Świat

Głosy z Kosmosu: Astronauci NASA oddadzą głosy na odległej orbicie!

2024-11-05

Autor: Katarzyna

Czworo amerykańskich astronautów aktualnie przebywa na Międzynarodowej Stacji Kosmicznej (ISS), gdzie w niedalekiej przyszłości zagłosują w wyborach prezydenckich w Stanach Zjednoczonych. To niezwykłe wydarzenie sprawi, że będą głosować z wysokości 322 kilometrów nad Ziemią!
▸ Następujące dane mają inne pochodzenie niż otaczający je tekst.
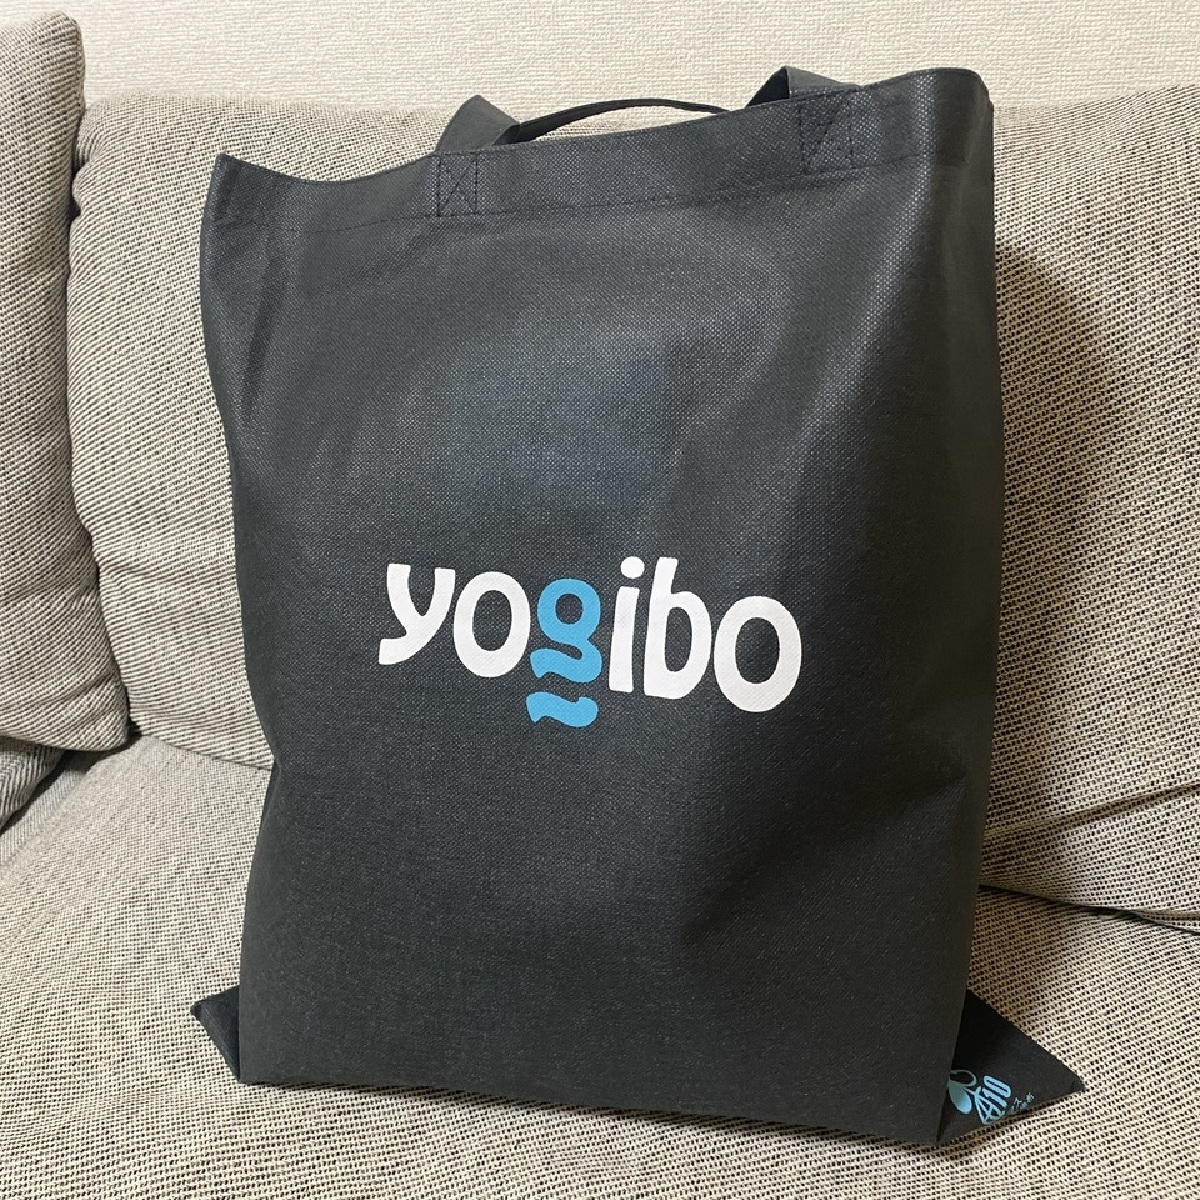 《Yogibo》『買って良かった』と話題のネックピローを購入しました！

Dwoje z astronautów, Wilmore i Williams, mieli pierwotnie wrócić na Ziemię kilka miesięcy temu, jednak plan został dostosowany ze względu na ryzyko związane z ich powrotem. Zamiana ich misji będzie miała miejsce, a oboje zdecydują się na pozostanie w kosmosie do 2025 roku, co stawia ich w dość unikalnej sytuacji. Wraz z nimi na stacji przebywają Don Pettit i Nick Hague, którzy również zamierzają wypełnić swój obywatelski obowiązek i oddać głos.
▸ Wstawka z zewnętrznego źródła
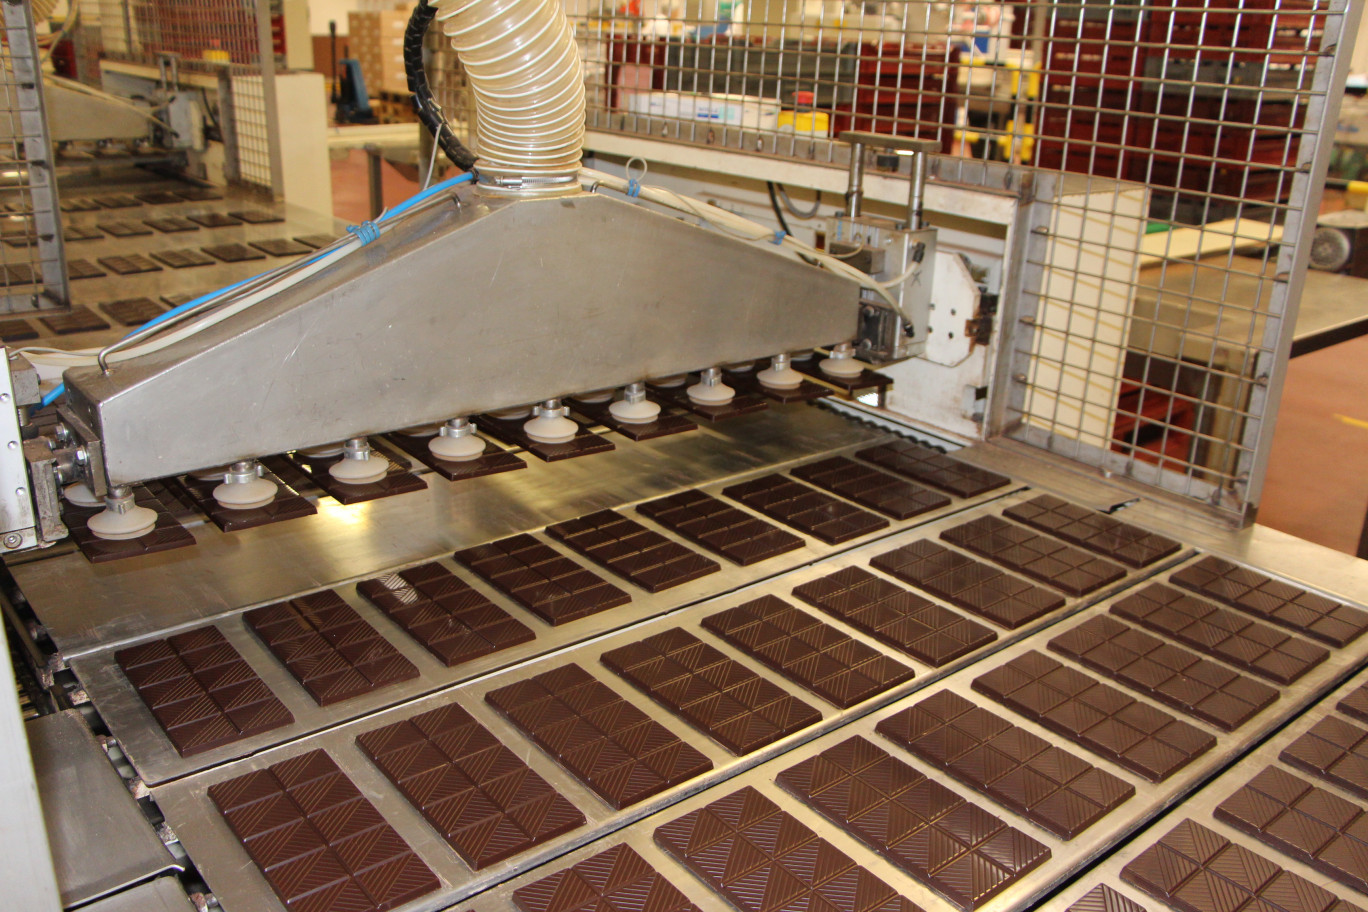 La chocolaterie installée à Bourbourg appartient au groupe français Cémoi. L'entreprise a mis en place deux programmes scientifiques de recherche fondamentale, l'une sur les arômes et l'impact des terroirs, l'autre relatif aux millésimes sur l'aromatique du cacao.

NASA przygotowała plan awaryjny umożliwiający astronautom głosowanie z przestrzeni kosmicznej. Umożliwia to specjalne prawo w Teksasie, które pozwala na oddawanie głosów zaocznie przez osoby przebywające w czasie wyborów w podróży kosmicznej.

Interesujące jest to, że astronauta David Wolf został pierwszym Amerykaninem, który głosował z kosmosu w 1997 roku, podczas swojego czteromiesięcznego pobytu na stacji Mir. To wydarzenie otworzyło drzwi dla kolejnych astronautów i rozpoczęło nową erę głosowania w przestrzeni.

Technologia wykorzystywana do przesyłania głosów z kosmosu opiera się na Near Space Network NASA, która składa się z konstelacji satelitów umożliwiających komunikację z Ziemią. Głosy astronautów będą przesyłane do wyborczych biur, co podkreśla zaawansowanie technologii oraz determinację astronautów do uczestniczenia w demokratycznym procesie, niezależnie od tego, jak daleko są od swojego kraju.

Warto zaznaczyć, że przez prawie 30 lat amerykańscy astronauci mieli możliwość głosowania z kosmosu, co jest nie tylko fascynujące, ale również pokazuje postęp w integracji technologii i systemów demokratycznych. Czy wkrótce zobaczymy jeszcze bardziej innowacyjne sposoby głosowania? To pozostaje w sferze teorii, ale jedno jest pewne – kosmiczna demokracja zyskuje na znaczeniu!